An important step is to recognise the role which civil society, local community organisations, citizens groups and other non-governmental organisations (NGOs) can play. Community organisations can create a bridge between poor people and city authorities in planning urban developments that benefit the poor. In Naga city in the Philippines, for example, a people’s council works closely with the city council. As a result, new initiatives have been launched to clean up the Naga river, manage waste and revitalise the city hospital. In Porto Alegre in Brazil, groups of citizens scrutinise government spending, as well as deciding on priorities for the coming year in a participatory budgeting process. Urban planning and management can be made much more effective by devolving authority to the poor in their own areas. But the poor also need to gain access to finance and land. Banks and other lenders are waking up to the vast market for housing loans at the low-income end of the market and they are finding that the default rates on these loans are very low. In Thailand, the Urban Community Development Office, funded by the government, is providing loans directly to low-income community organisations and small informal sector enterprises [Patel et al 2002].

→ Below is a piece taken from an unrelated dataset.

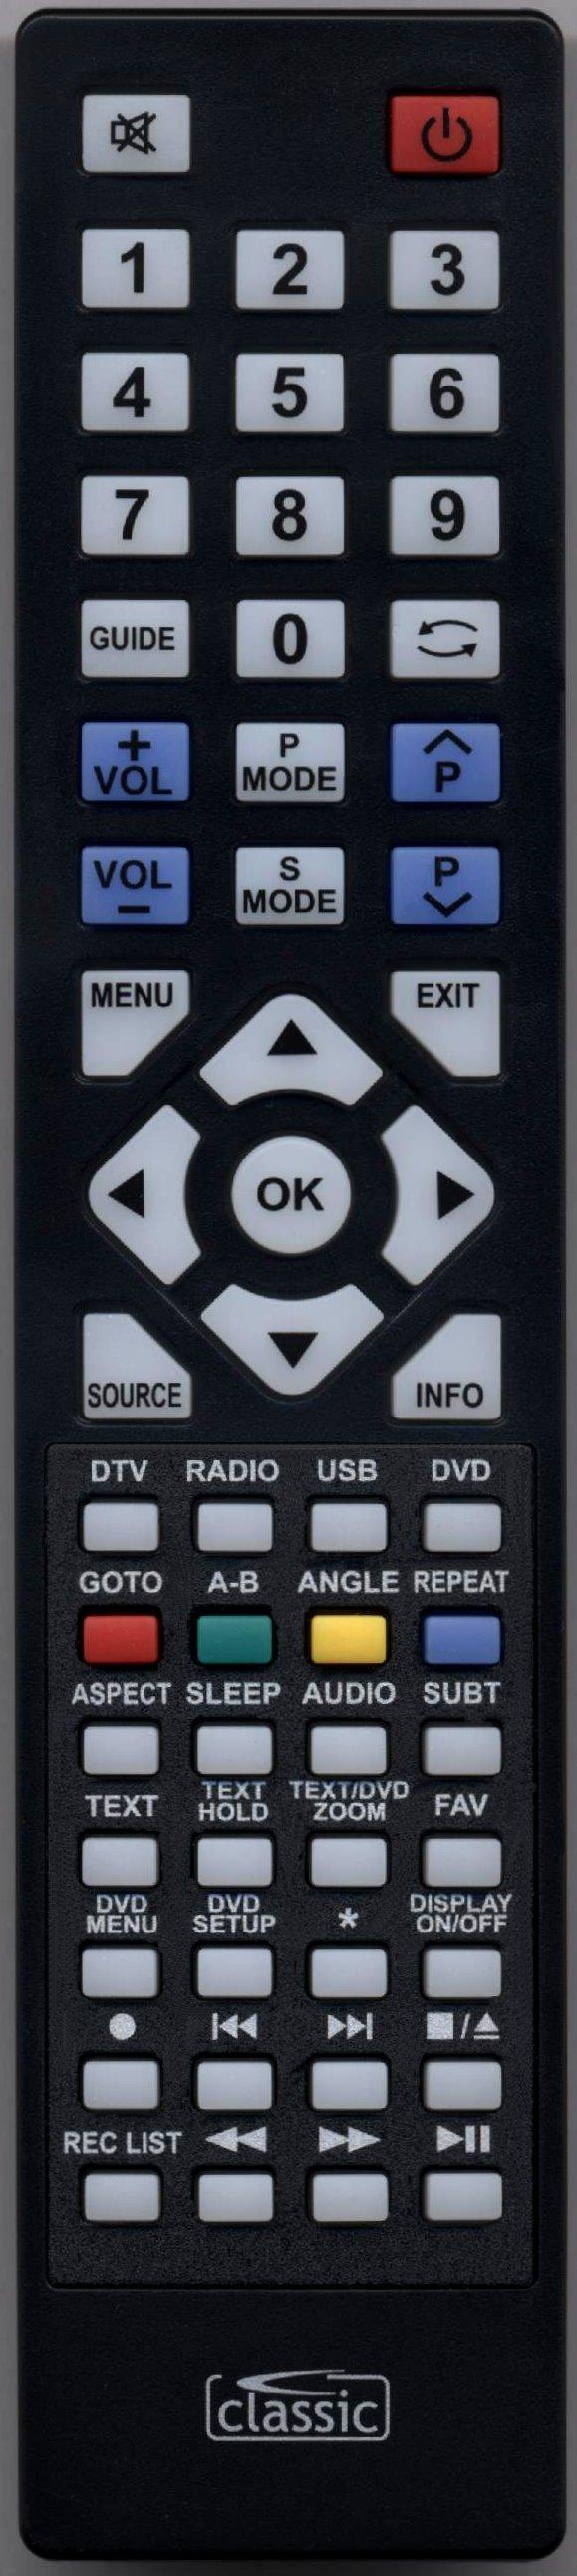 BLAUPUNKT 236/152R-GB-3B-GKU-UK Remote Control Alternative

If squatters are given a sense of security of their tenure, their neighbourhoods become as good as any other neighbourhood. It may be a lot cheaper to live in a slum, but there is a different level of community interaction, a way of life, that is threatened whenever a resettlement project is discussed. Redevelopment in future, while providing for every facility of urban life, must ensure also a way of retaining networks of support that already exist among slum dwellers.

References

Bavadam, Lyla (1998): ‘A Controversial Scheme’, Frontline, Volume 15, Number 18, August 29-September 11.

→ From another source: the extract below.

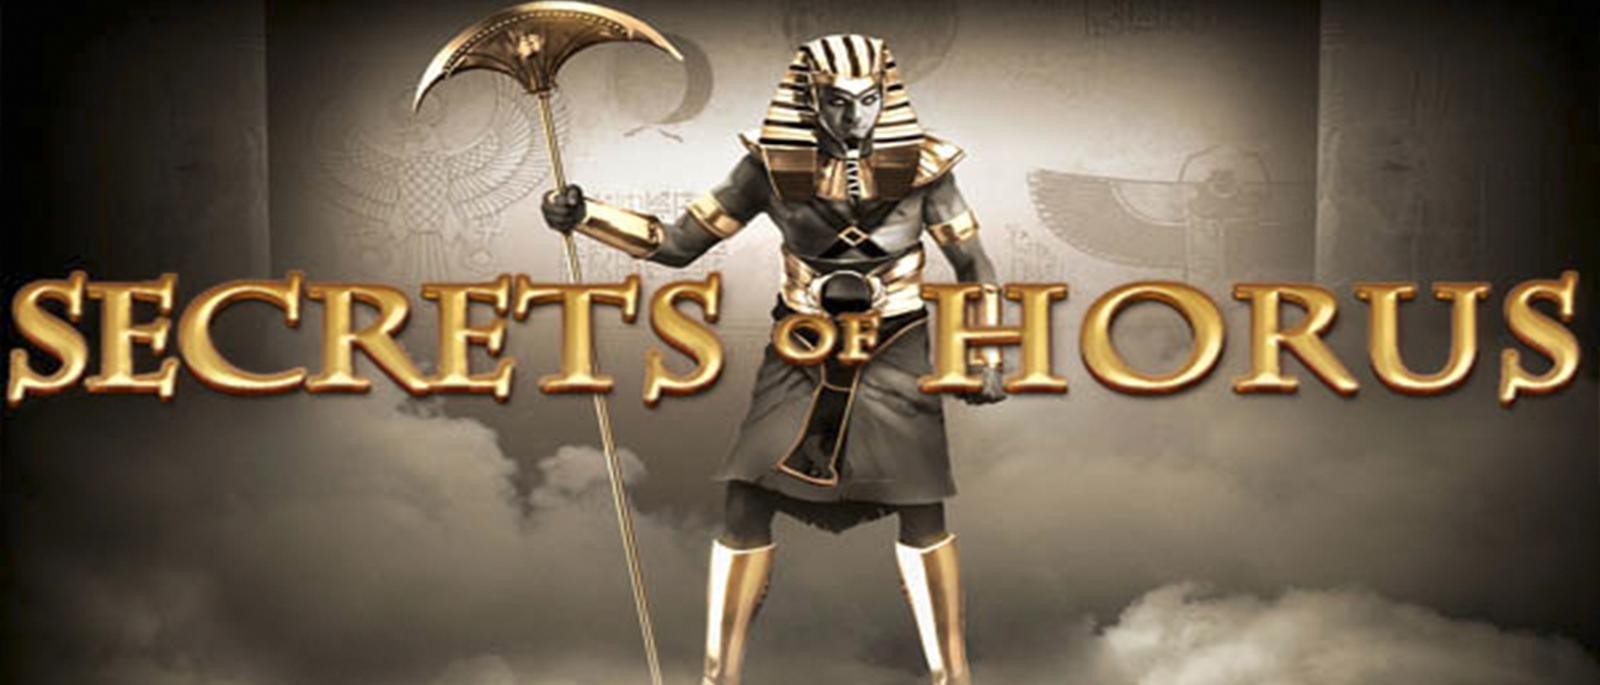 Secrets of horus Netent Slot Spiel

Burra, Sundar (2001): ‘Resettlement and Rehabilitation of the Urban Poor: the Mumbai Urban Transport Project, A Case Study’, September, www.sparcindia.org.
– (2003): ‘Changing the Rules: Guidelines for the Revision of Regulations for Urban Upgrading’, www.sparcindia.org
Katakam, Anupama (2003): ‘A Blueprint for Mumbai’, Frontline, Volume 20, Number 24, November 22-December 05.
Patel, Sheela, Celine d’Cruz and Sundar Burra (2002): ‘Beyond Evictions in a Global City: People-Managed Resettlement in Mumbai’, Environment and Urbanisation, Volume 14, Number 1, April.
Ramanathan, Usha (2002): ‘Of Judicial Power’, Frontline, Volume 19, Number 06, March 16-29.